= Monastery of the Mother of God (Olmedo) =

Dominican monastery in Spain

The Monastery of the Mother of God is a convent of Dominican nuns sited in Olmedo, Valladolid Province, Spain.
It was founded in 1528 as a beaterio (beguinage), under the title of Sta. Catalina, under the protection of Doña Francisca de Zuñiga, abbess of San Paio, Santiago.

==History==
The monastery was seized in the Ecclesiastical confiscations of Mendizabal.
Despite a government ban, it remained active in the figure of the Mother Prioress Isabel de Garcimartín, who together with three novices kept it until 1868. Although the monastery returned to its religious status in 1868, it was less height reaching and was on the verge of disappearance in later years.
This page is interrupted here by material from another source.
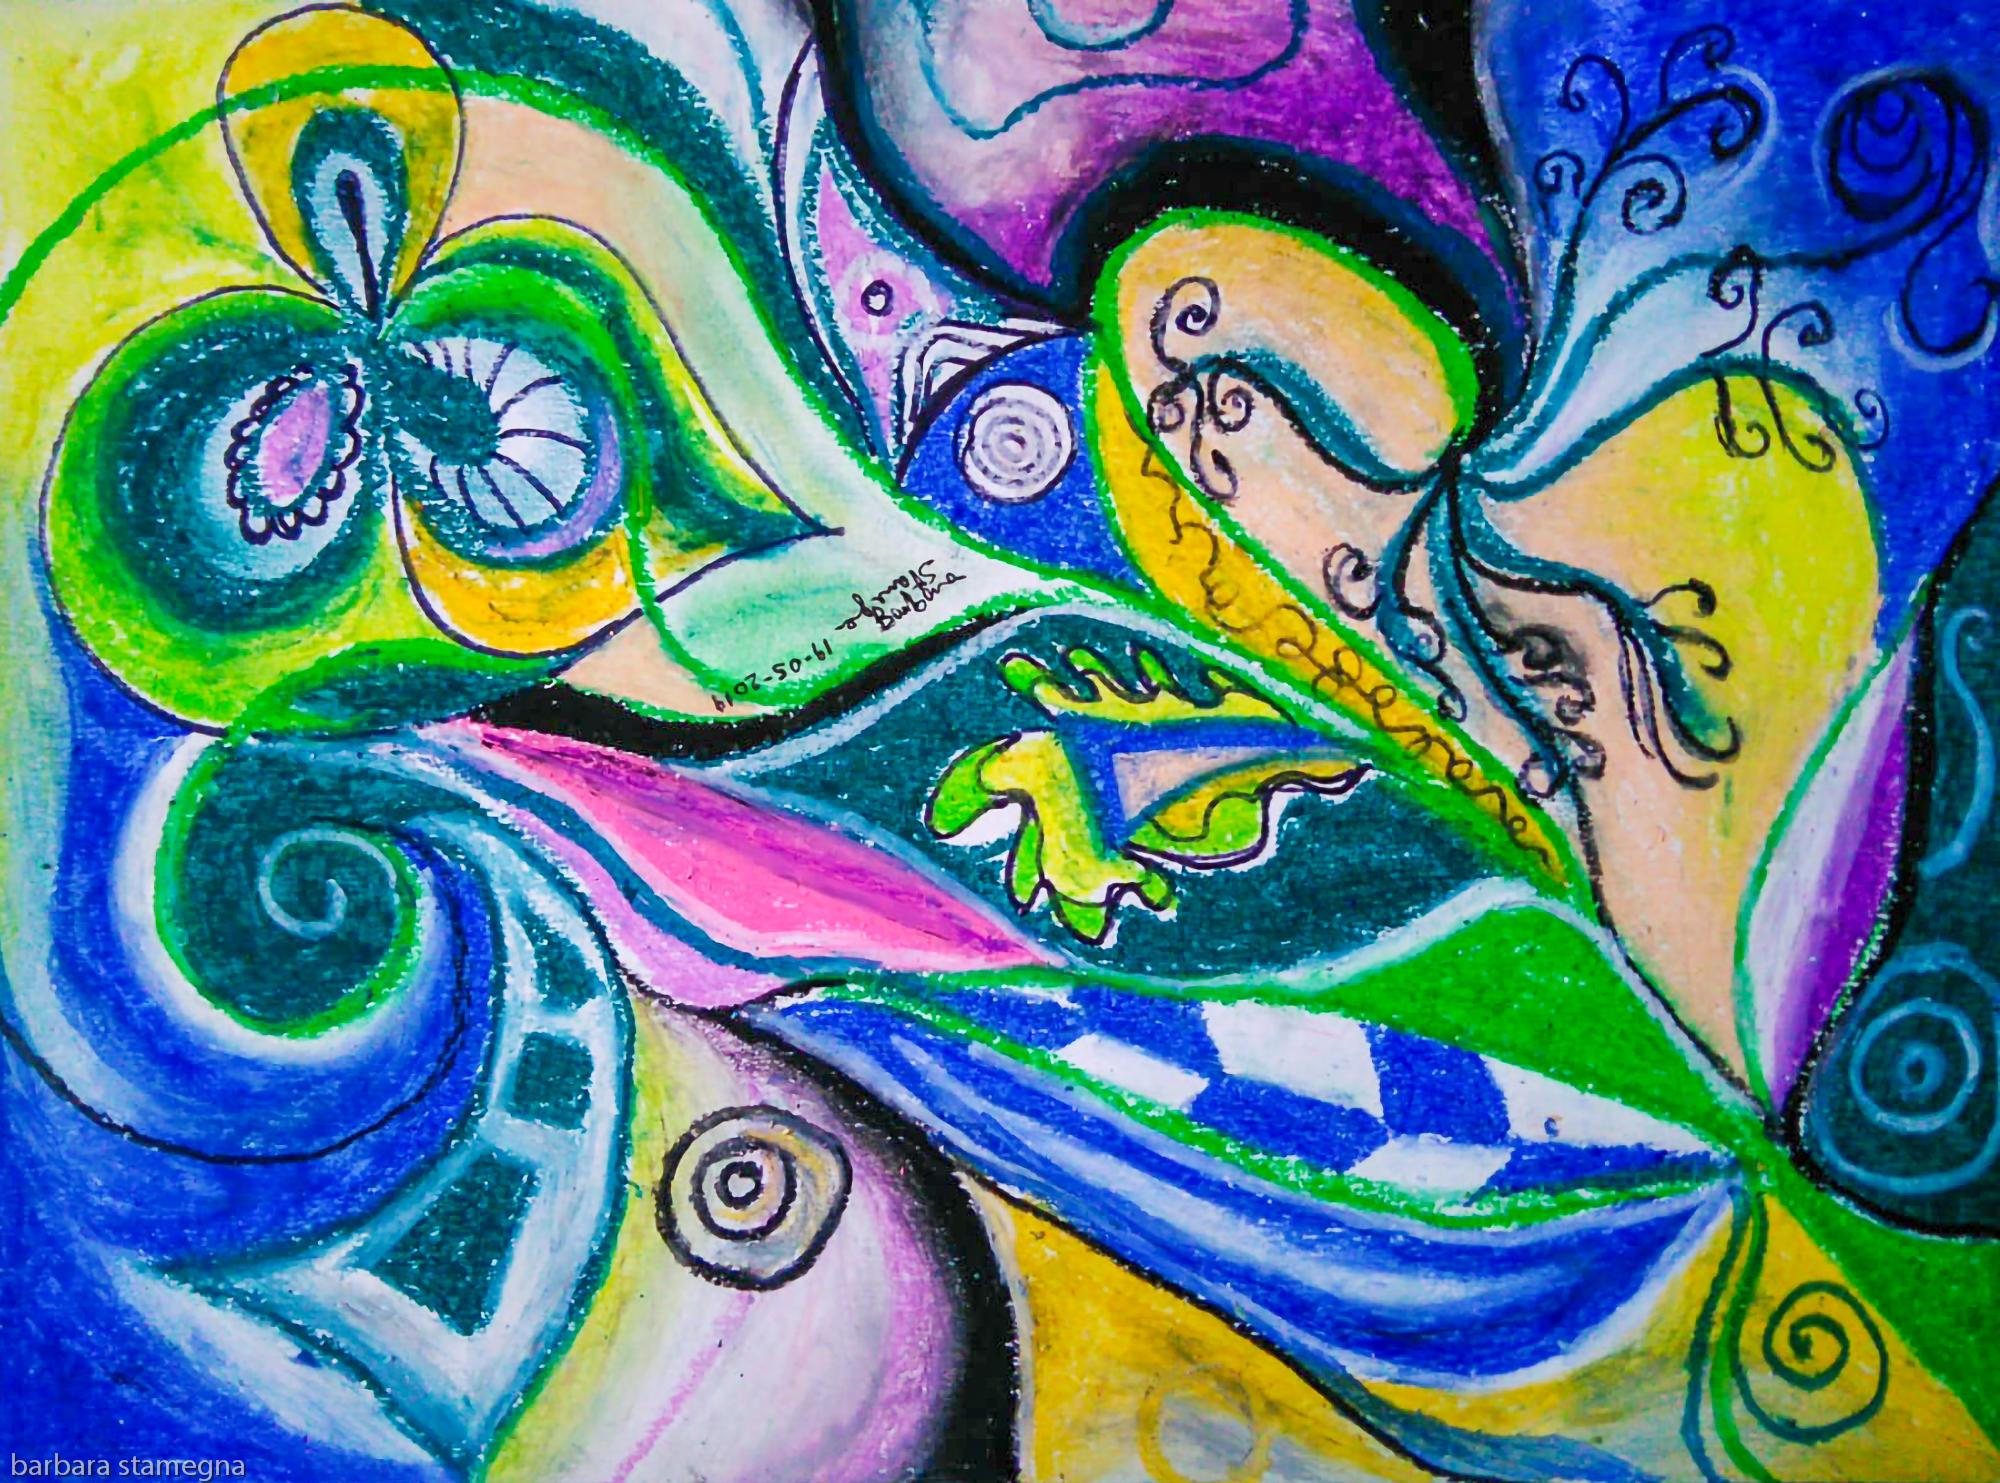 movimenti di astrazioni blue verdi con vortici,cerchi e forme concentriche e a forma di foglia,forme geometriche e riccioli di vari colori con sfumature

In the 1950s, the monastery sought help from the community of Dominican Sisters of Daroca (Zaragoza), which sent them three nuns to continue religious work (including sister Teresita del Niño Jesús Pérez de Iriarte). The present building dates from the seventeenth century, and was rebuilt in the nineteenth century.

==Publications==
The Monastery has made several publications of books written by Mother Teresa M. de Jesús Ortega.
- "Historia de un Sí", COLECCIÓN VIDA RELIGIOSA, Nº 19. EDITORIAL COCULSA. 2ª ED. MADRID, 1963. (translated into Italian and Chinese).
- "Sí a nuestros compromisos" (translated into English).
- "Sí, Dios".
- "¿Qué dijo Dios al volver?" (sobre Sta. Catalina de Siena).
- "Canto rodado" (vida de Madre Teresa M. Ortega) by D. Baldomero Jiménez Duque.
- Trigo de su era: 1738 pensamientos desde la vivencia de la fe, Edibesa, 2003.ISBN 84-8407-412-9.